Bug#931267: times out and drops into useless emergency shell with fsck still ongoing
Steve McIntyre
steve at einval.com
Sun Jun 30 00:46:46 BST 2019
Package: systemd
Version: 241-5
Severity: important
Hi,
[ Ignore the system info etc. below - I'm running reportbug on a
different system. ]
I've just dist-upgraded my headless home firewall/server from Stretch
to Buster. I did the usual task of config file merging. and then
rebooted the machine. It didn't come up on the network again
afterwards.
After rummaging around to connect a serial cable, there was no
interaction on the console so I rebooted again. Now I see that the
machine is running a fsck on the multiple large filesystems (Debian
mirror, video/audio data etc.) Fine - the machine had not been
rebooted in a long time, so the fsck was overdue. Then I see that
systemd has decided to time out startup of services and drop me into
an Emergency shell. With fsck going on and writing to the console, I
cannot useful interact with the shell. The fsck completed
successfully, but I had a headless machine that still needed
interaction to make it work again.
Several points/questions:
* Why on earth do things have a short timeout when fsck is still
running? It's normal for fsck on a large fs to take a long time,
and this should not break bootup.
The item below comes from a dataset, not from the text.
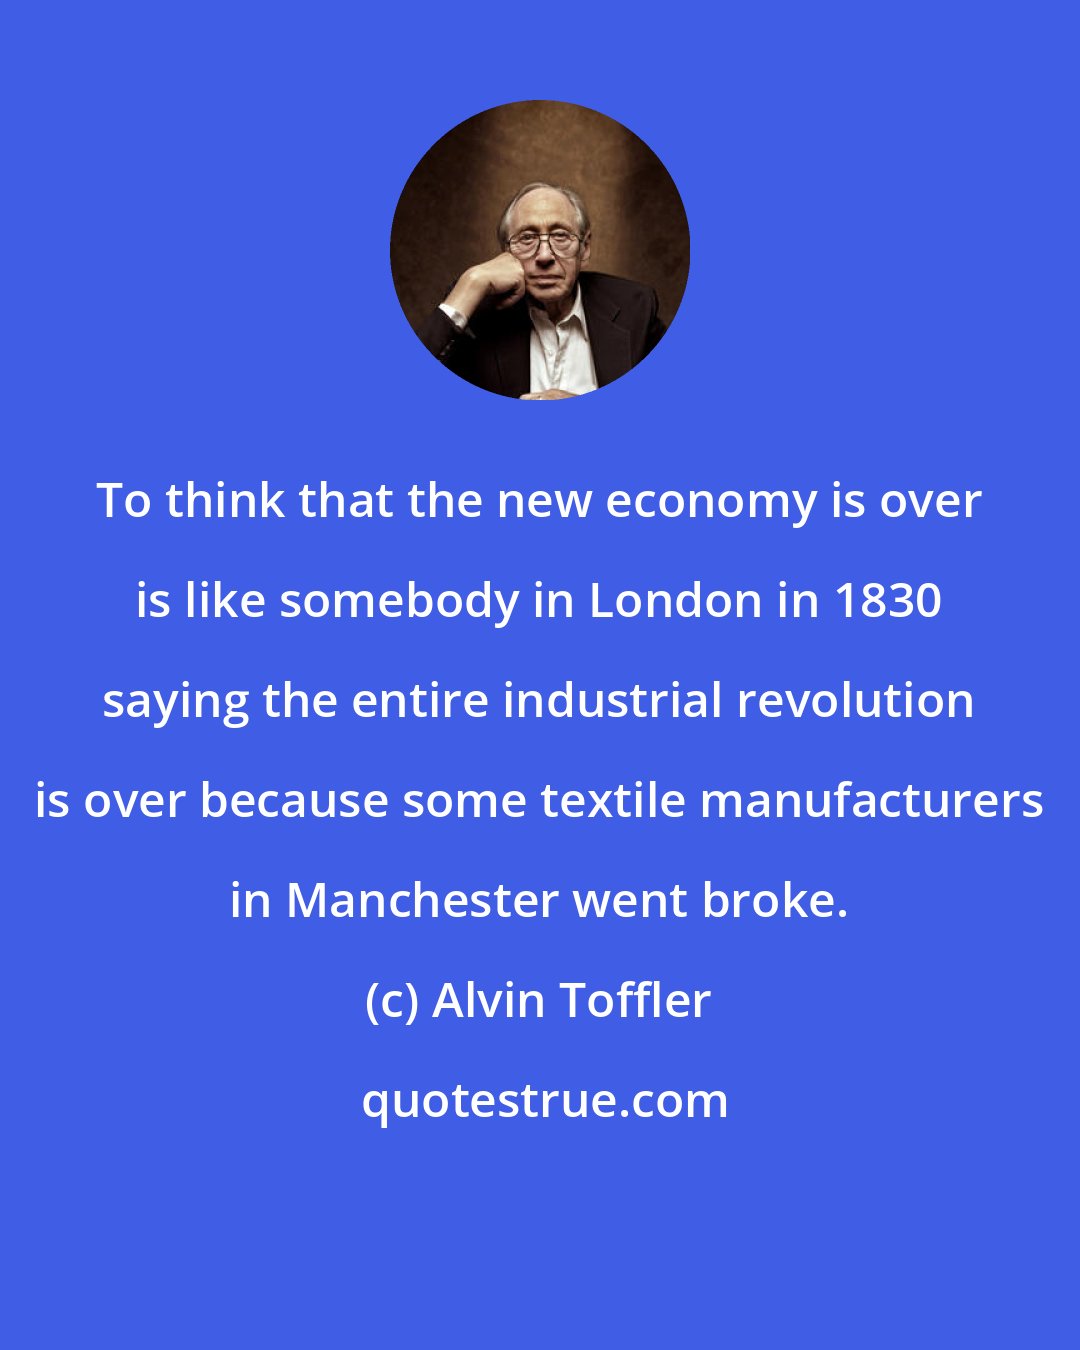 Alvin Toffler: To think that the new economy is over is like somebody in London in 1830 saying the entire industrial revolution is over because some textile manufacturers in Manchester went broke.

Especially not on a headless box.
* Why does systemd try to start an Emergency shell on an already-busy
console? This is *not* useful.
* I haven't tried to reproduce this, but the initial interaction on
the console seemed to show a hung machine. I had no useful
interaction there. Is the Emergency shell setup meant to prompt
again on password failure if I just hit <enter> several times?
-- Package-specific info:
-- System Information:
Debian Release: 10.0
APT prefers testing
APT policy: (500, 'testing'), (500, 'stable')
Architecture: amd64 (x86_64)
Kernel: Linux 4.19.0-5-amd64 (SMP w/4 CPU cores)
Locale: LANG=en_GB.UTF-8, LC_CTYPE=en_GB.UTF-8 (charmap=UTF-8), LANGUAGE=en_GB:en (charmap=UTF-8)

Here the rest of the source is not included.